Cantley Marshes is a 272.1 ha biological Site of Special Scientific Interest south-east of Norwich in Norfolk, England. It is managed by the Royal Society for the Protection of Birds, It is part of the Broadland Ramsar site and Special Protection Area, The Broads Special Area of Conservation and the Mid-Yare National Nature Reserve. It is located southwest of the village of Cantley.

This protected area is adjacent to another protected area called Yare Broads and Marshes SSSI, and so is part of a wider area of protection.

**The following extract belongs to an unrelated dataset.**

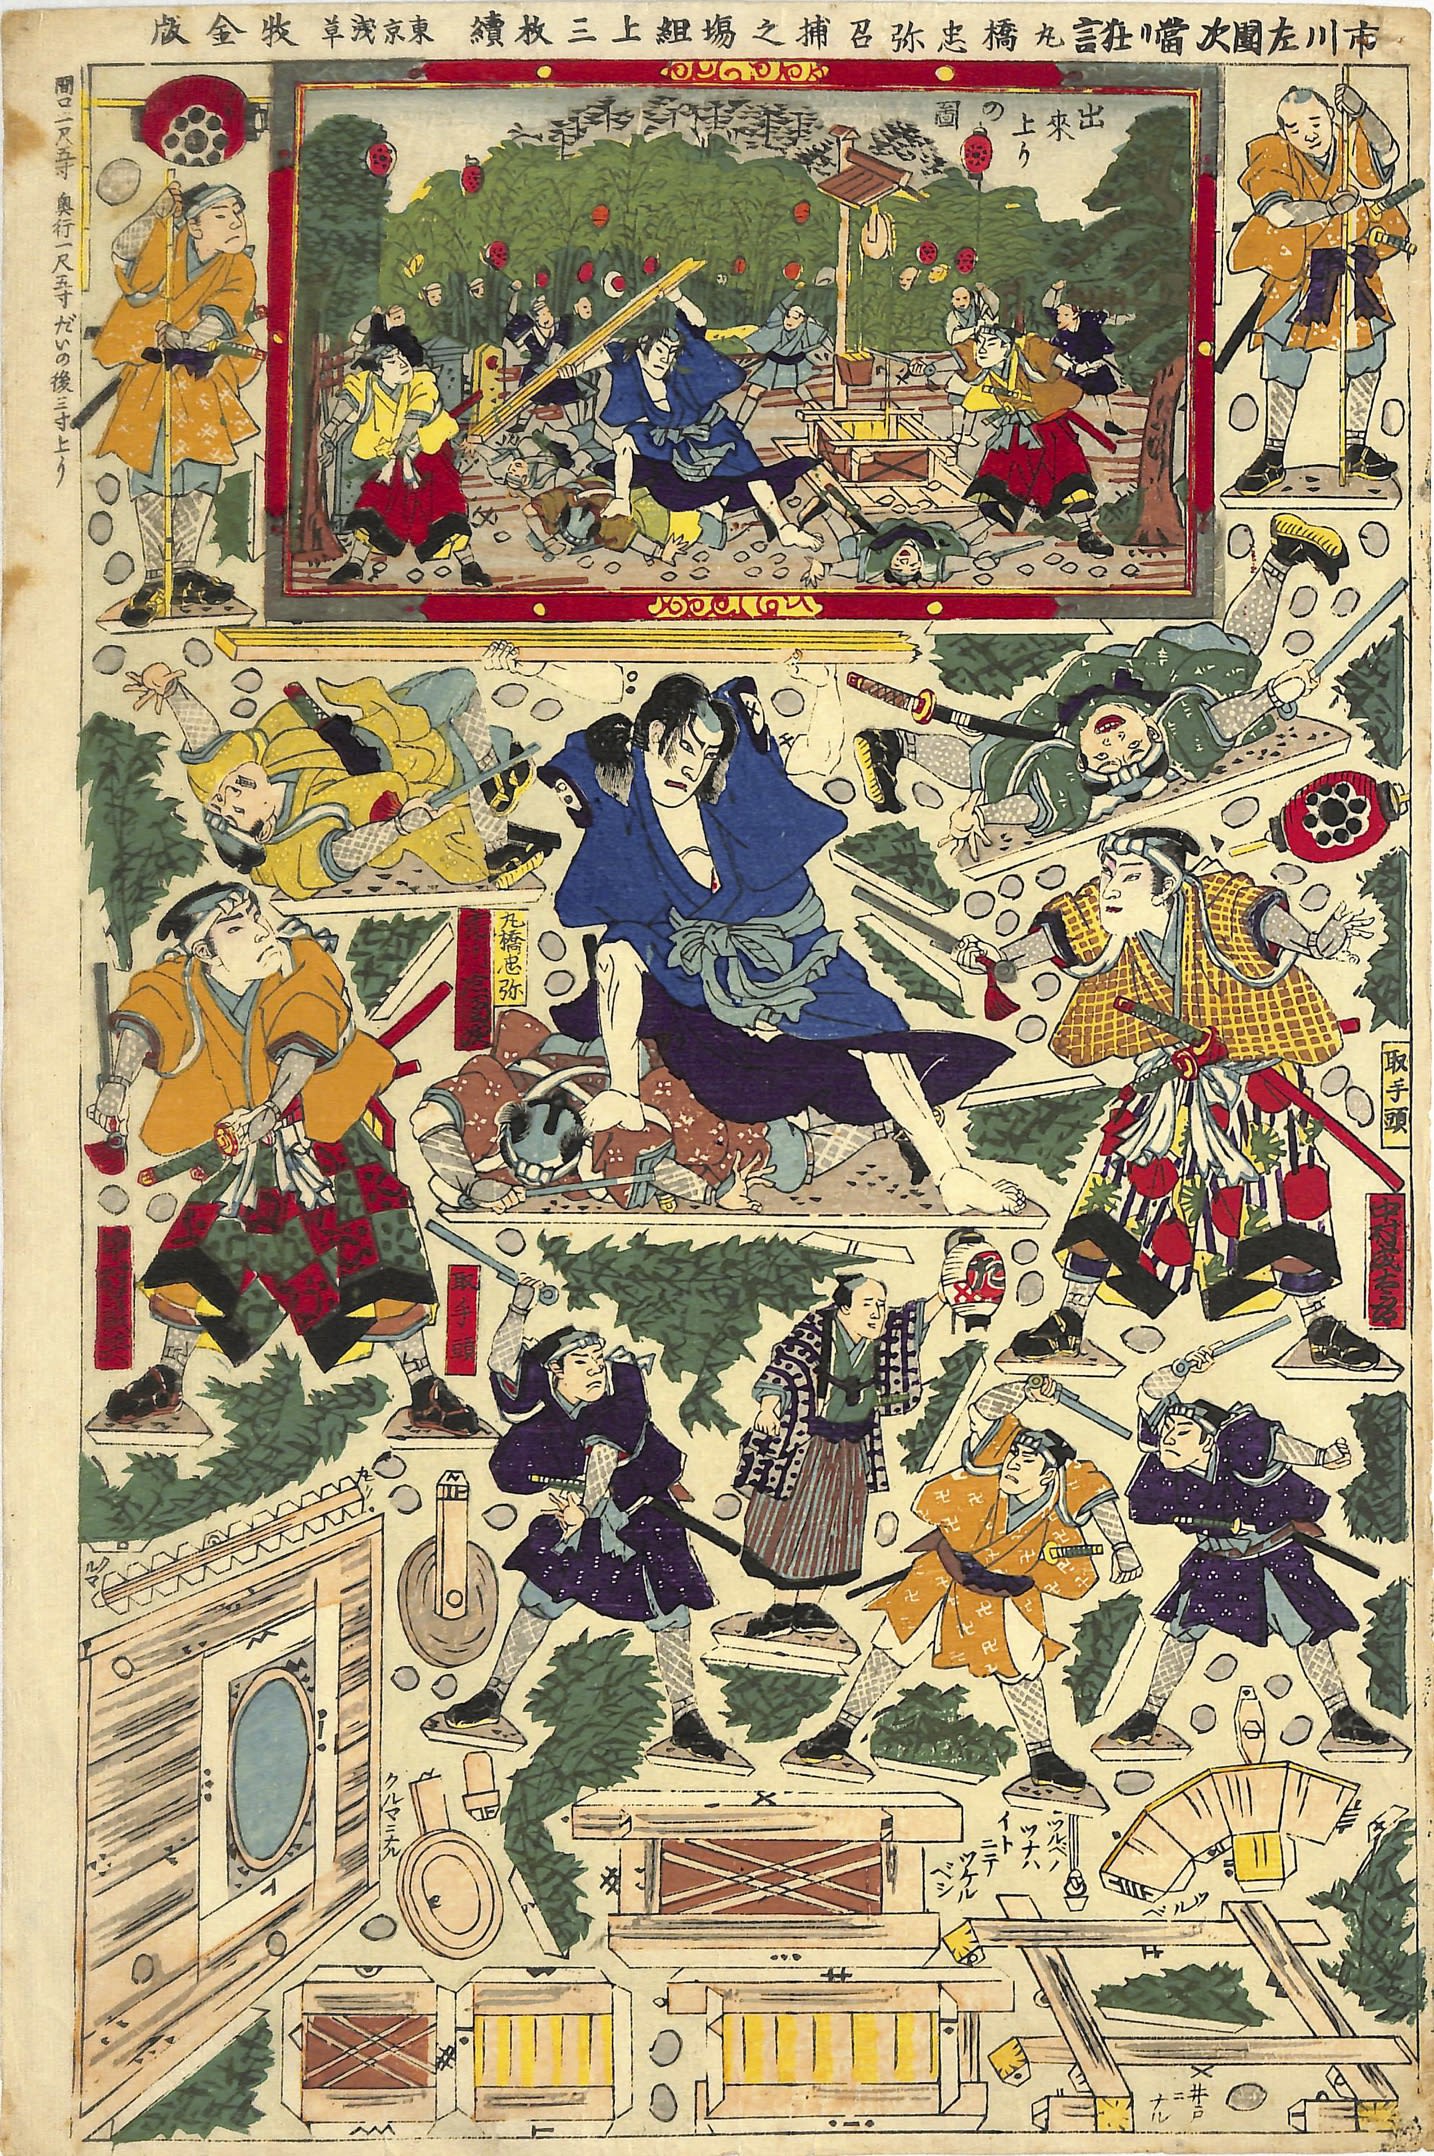 Studio of Kinnosuke Maki, 市川左団次當り狂言丸橋忠弥召捕之場, 1894 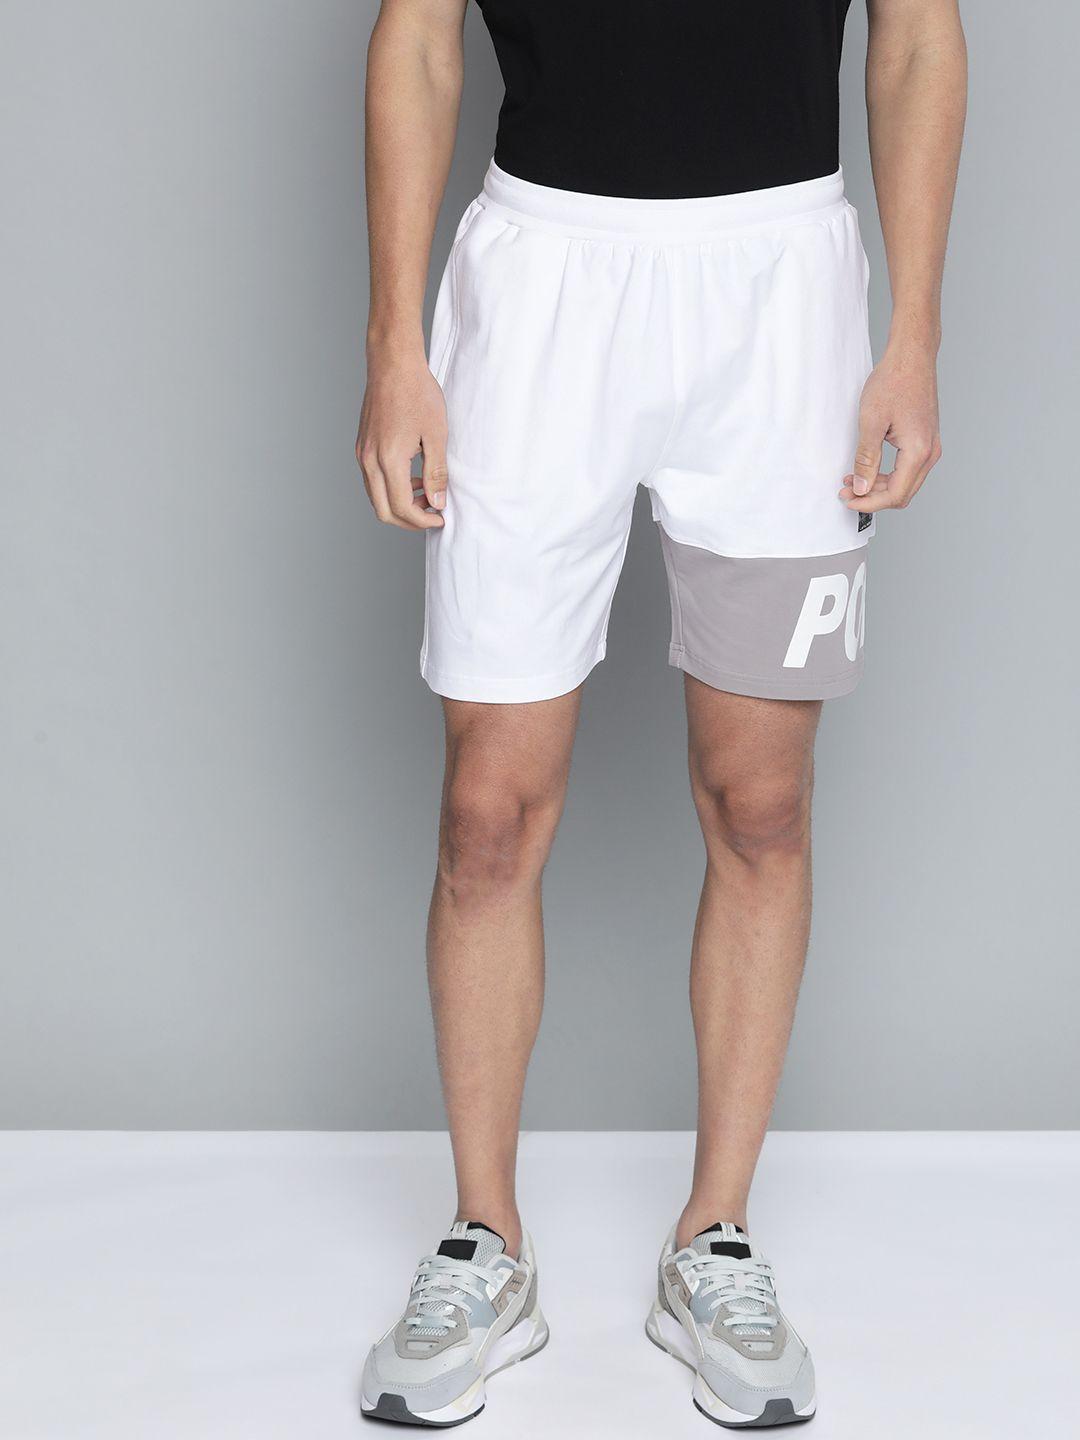 hrx by hrithik roshan lifestyle men optic white & wet weather lycra typography shorts

This site in the Yare valley is mainly species-rich grazing marsh with areas of wet alder carr and tall herb fen along the river bank. Invertebrates include two nationally rare dragonflies, and the marshes have several important breeding bird species and an internationally important population of wintering wigeon.

The dykes in this protected area support a diversity of aquatic plants including sharp-leaved pondweed, whorled water milfoil, greater water parsnip, hairlike pondweed, blunt leaved pondweed, lesser water plantain, flat-stalked pondweed, soft hornwort and floating clubrush. In the fen near the River Yare, the plant marsh sowthistle is also found.

Dragonfly species recorded in this protected area include the norfolk hawker and the scarce chaser.